I put it off as well, I figured precedence and associativity is something I'd learn later after I figured out how to stop my **ing grammars from looping forever. But it was right there in front of me!

When I looked at someone else's working code, they'd laid it out so that each layer could only call into the same layer or the next layer down:

  parseSum     = ...
  parseProduct = ...
  parseTerm    = ...

which should eliminate the mutual-infinite-recursion case, since the control flow can't ever go upward. And it didn't look like a co-incidence that they'd laid the code out from low-precedence mathematical operators to high-precedence mathematical operators.

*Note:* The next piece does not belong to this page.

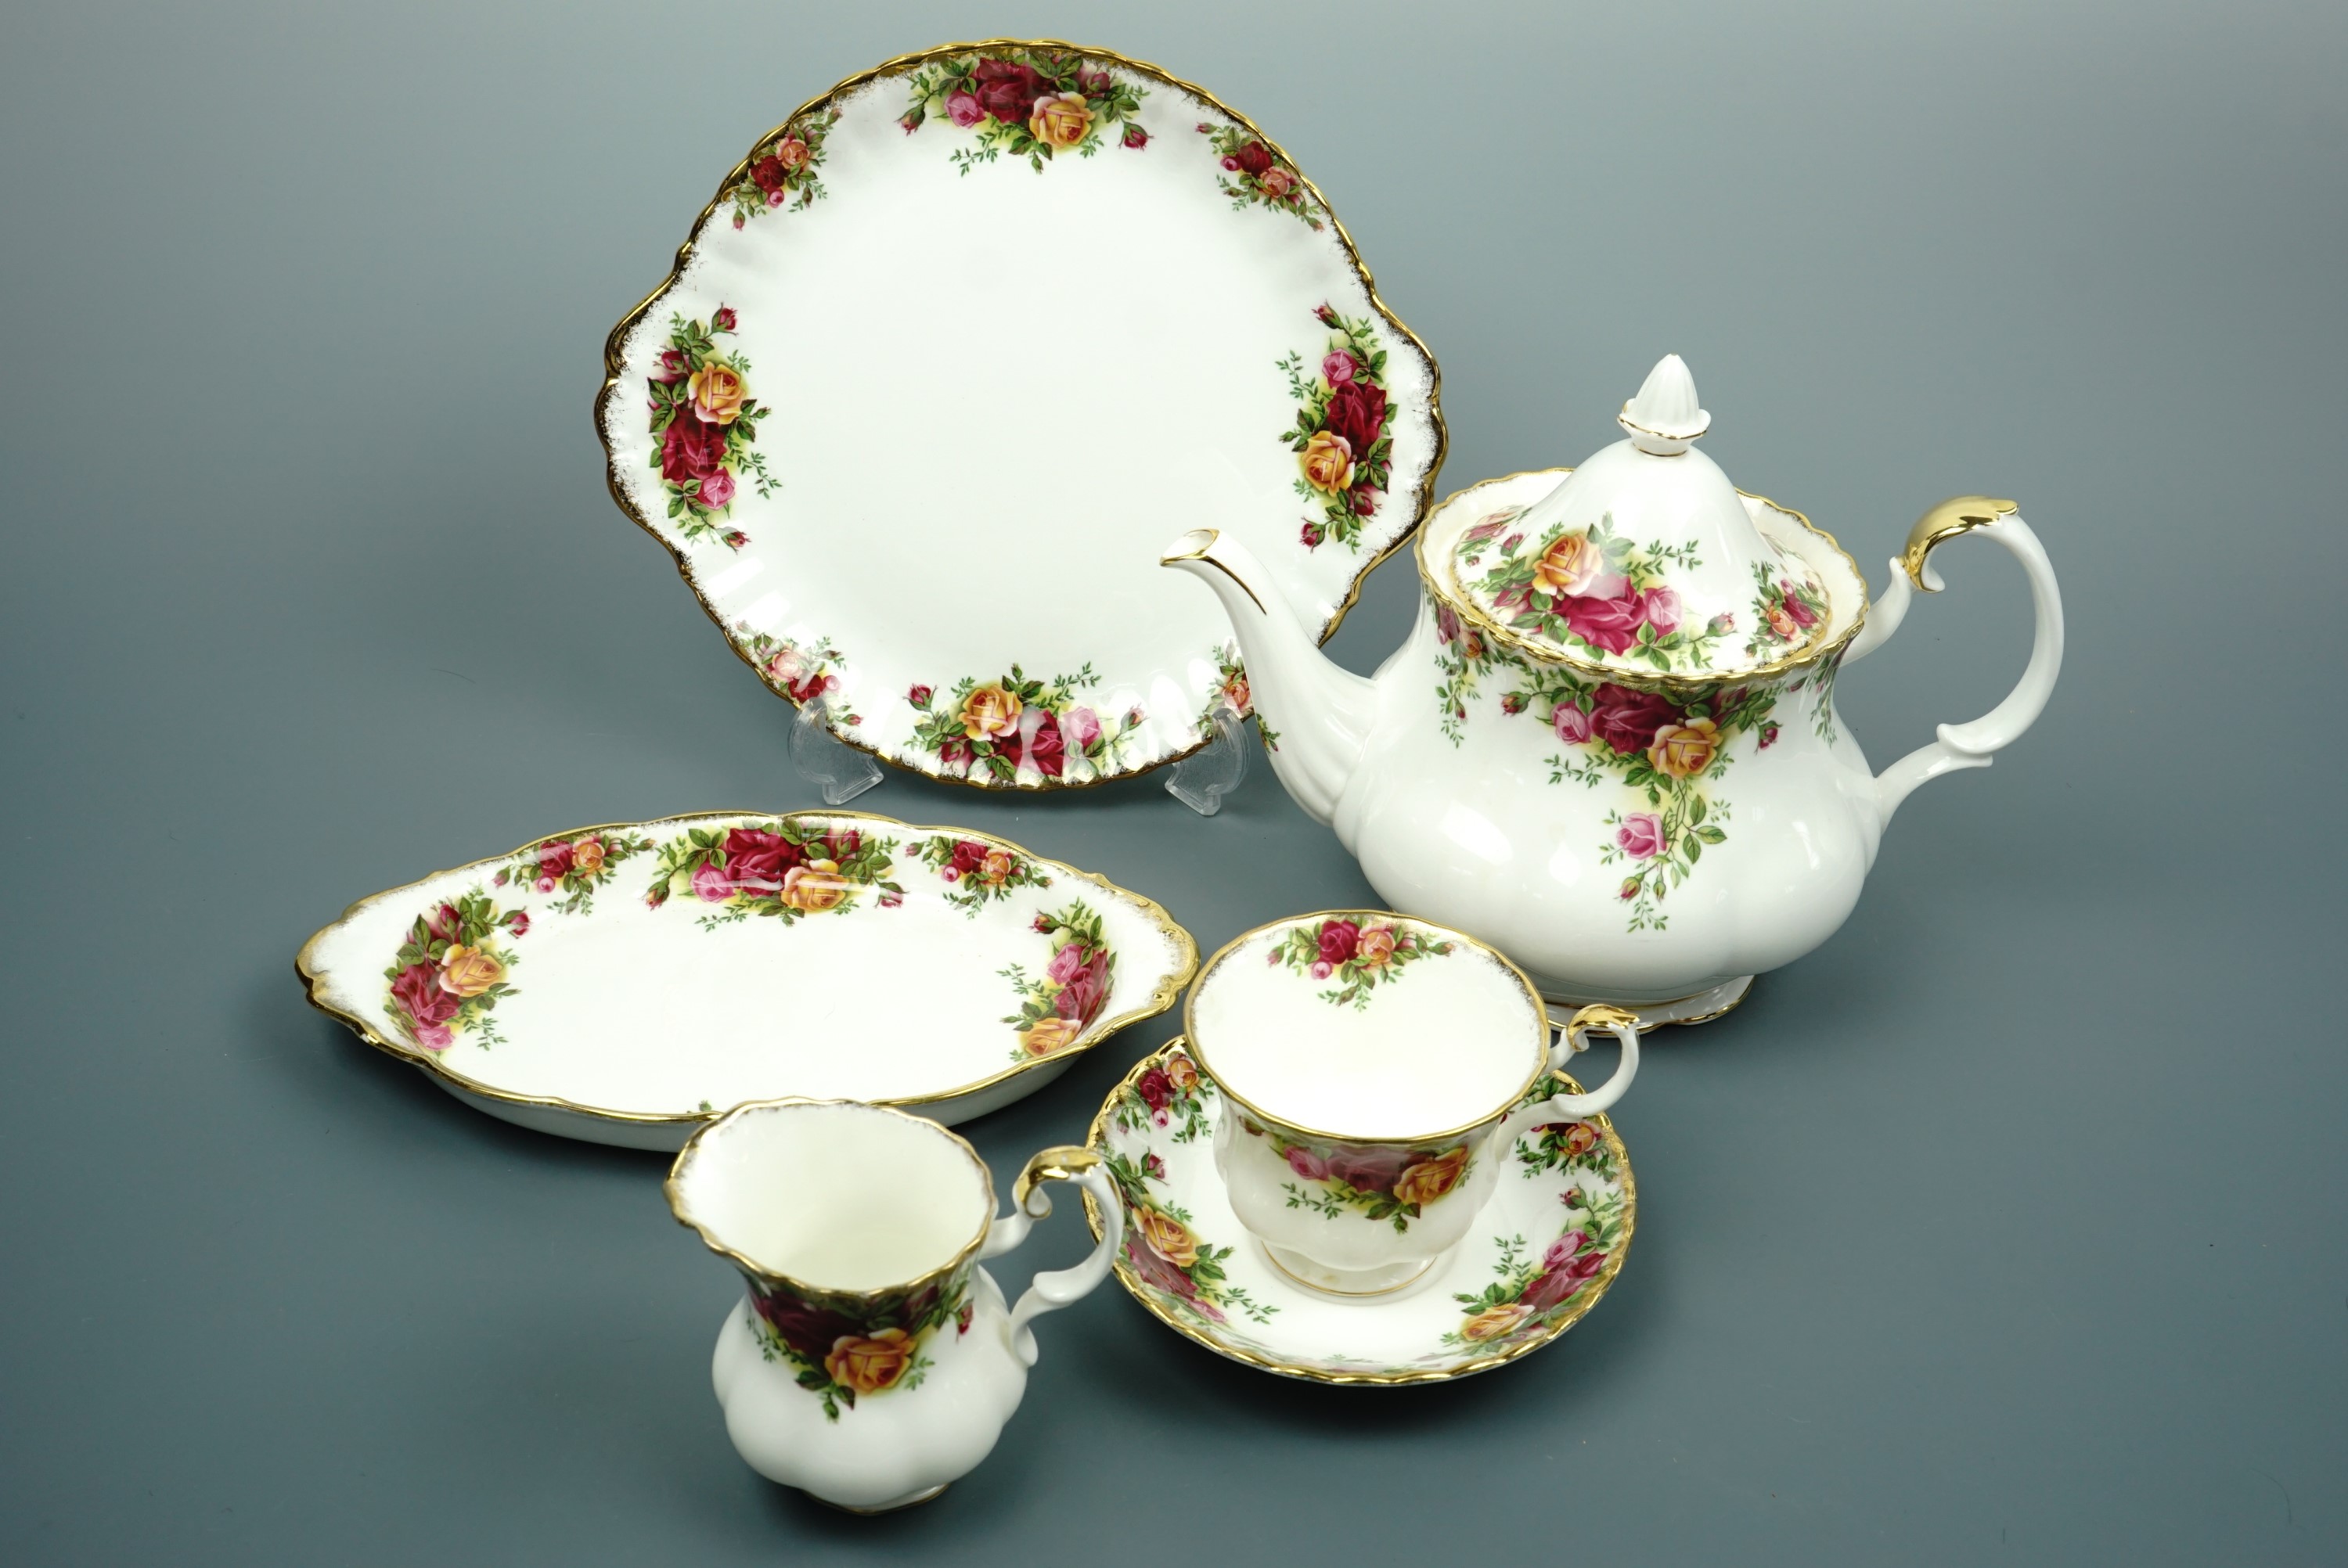 A quantity of Royal Albert Old Country Rose tea and dinnerware, approximately 75 items
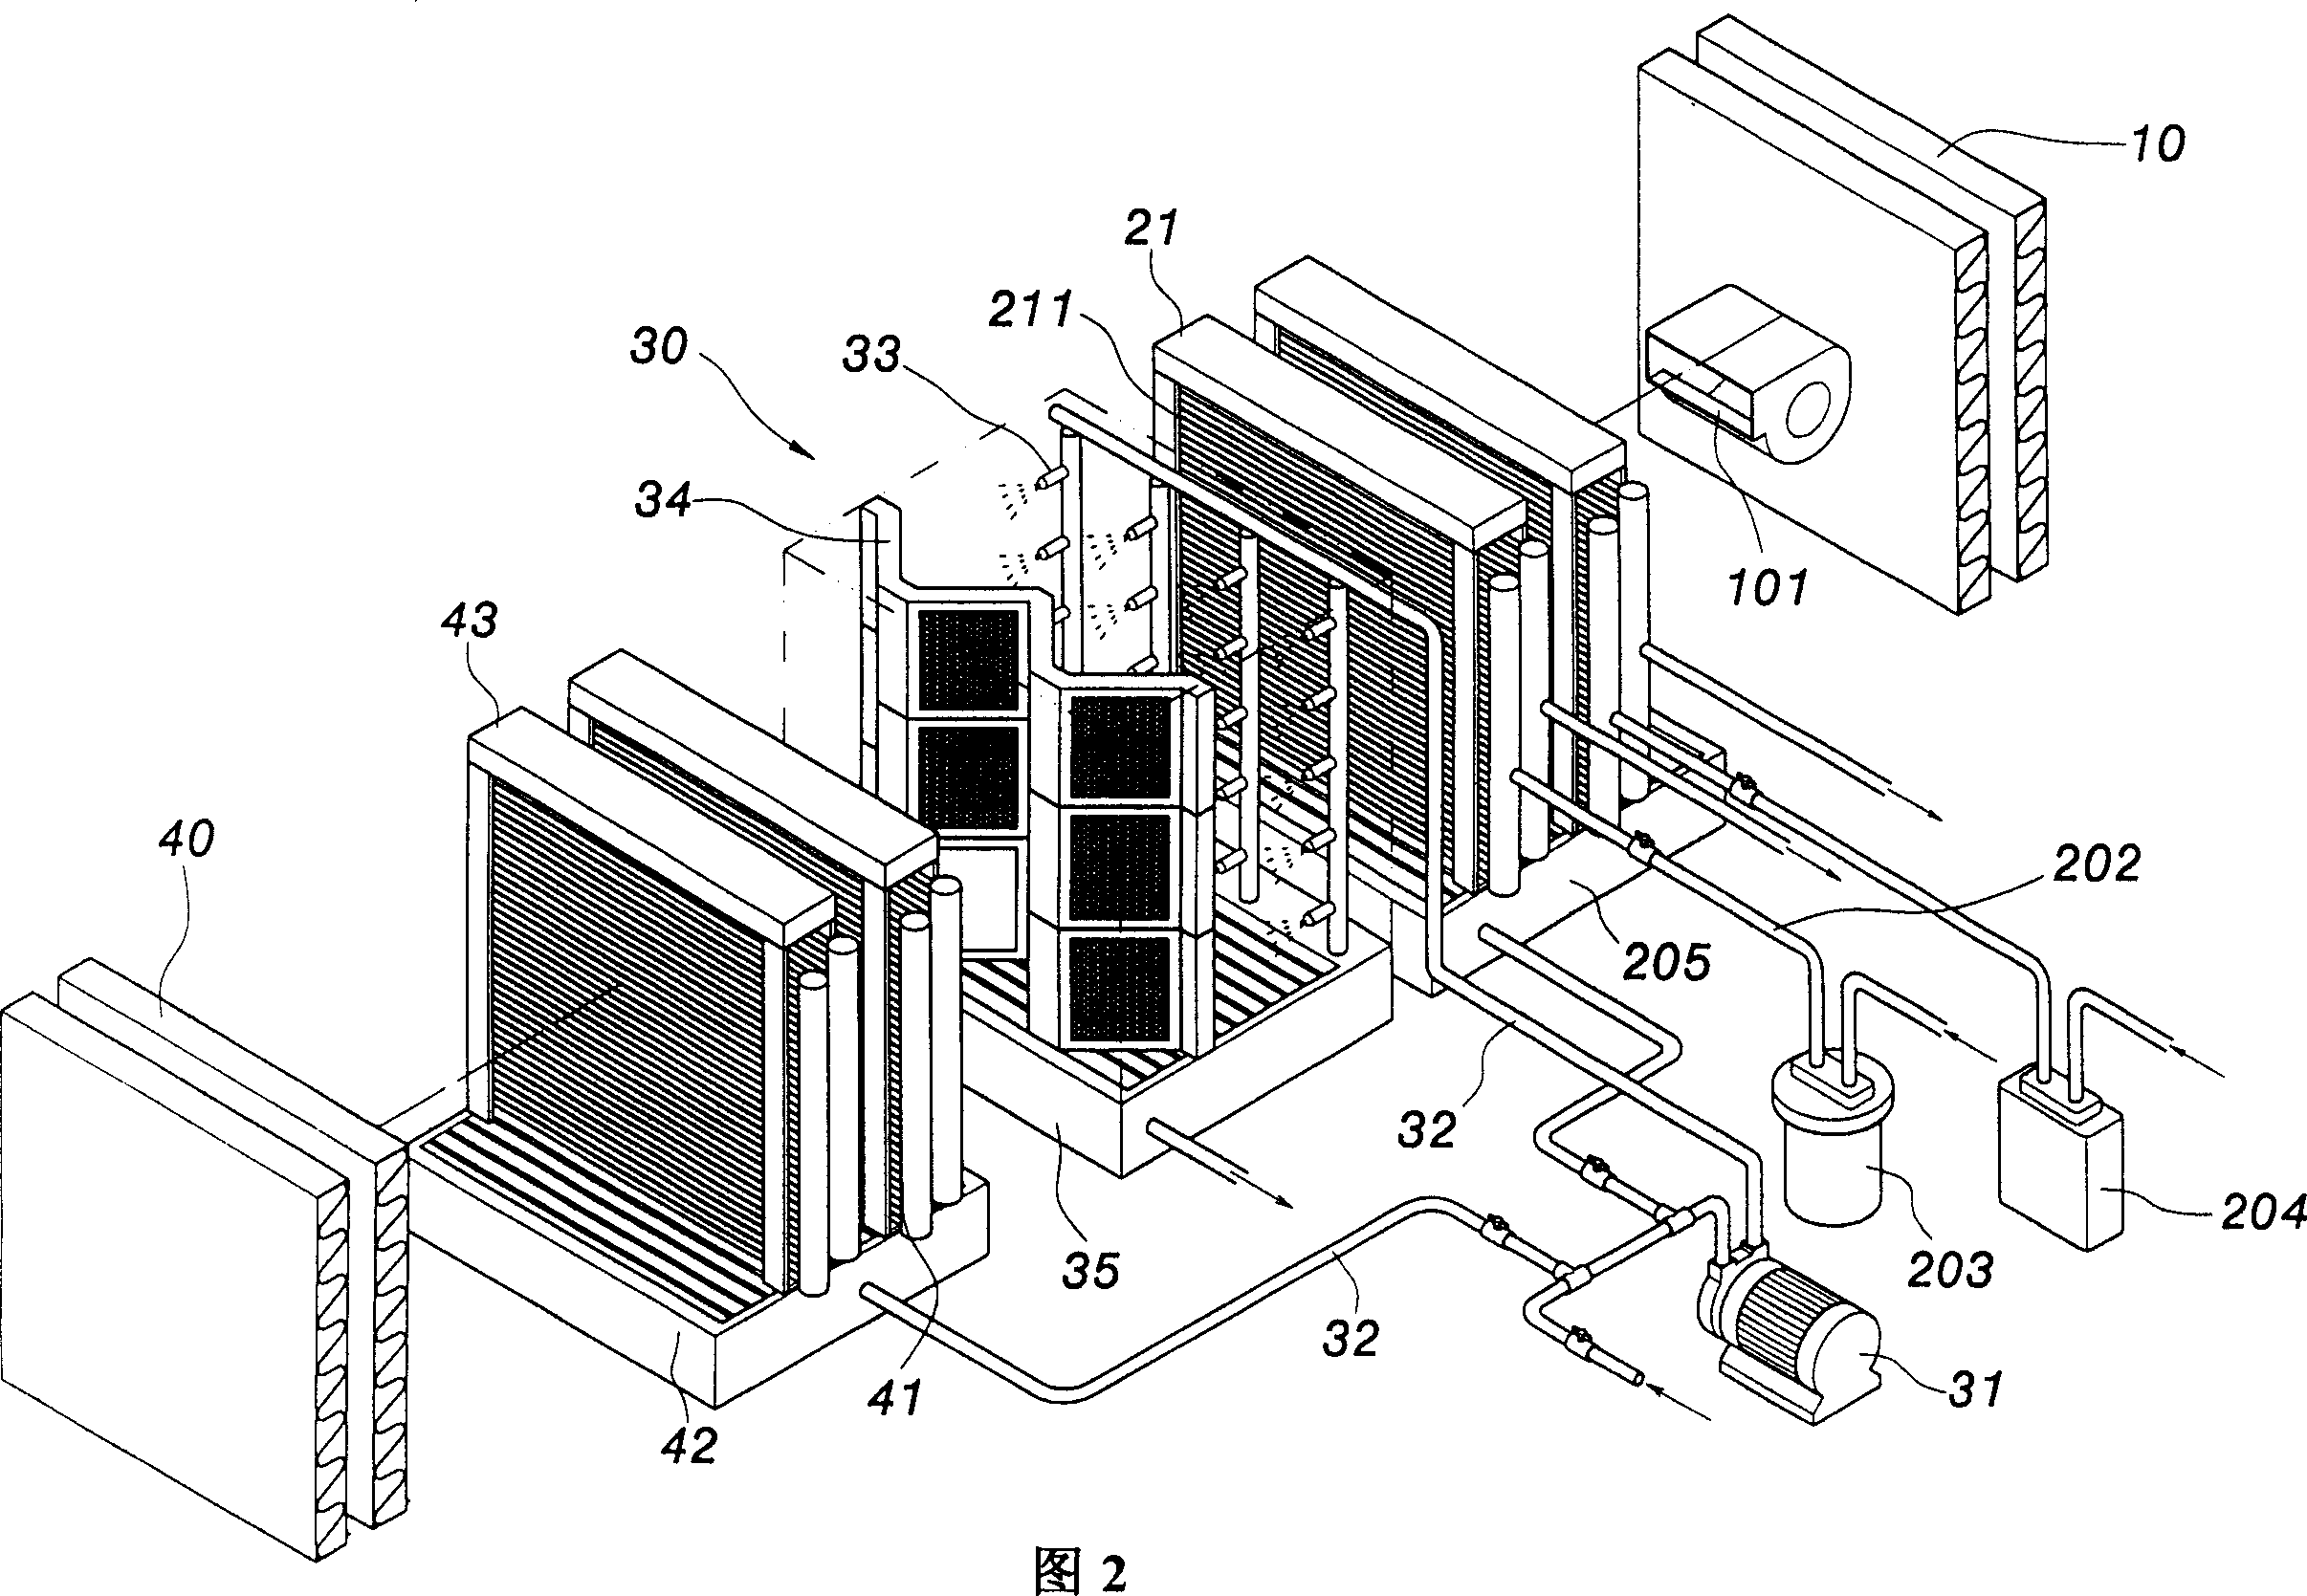 Condensated water circulating and reusing system and method

The code I ended up using is something like

  parseSum = parseProduct then many('+' then parseProduct) // where 'many' means 0 or more.

But if you don't have 'many' in your grammar syntax, it looks like this would work instead:

  parseSum = parseProduct + parseSum

But the above is wrong for two reasons. Firstly, you need to have a '+', so there's no way to parse an expression that doesn't have a '+' in it. But it also right-associates and you end up with (1+(2+(3+4))) which is probably fine for addition (give or take some C-int-overflow-rules), but breaks division. I think you can fix both by putting the terminal case first, and then left-recursing after that:

  parseSum = parseProduct | parseSum + parseProduct

Then there's only one remaining issue to deal with - what do you do when you actually want to loop? Sums can contain products, and products can contain sums (as long as they're in parens.) Well, parens bind tighter than any other precedence, so they go straight to the bottom:

  parseSum     = ...
  parseProduct = ...
  parseTerm    = ...
  parseParens  = '(' parseSum ')'

So we've broken the no-upward-control-flow rule, but is it an infinite loop? The only case where control flow can go upward is if you consume a '(' first, so I say no.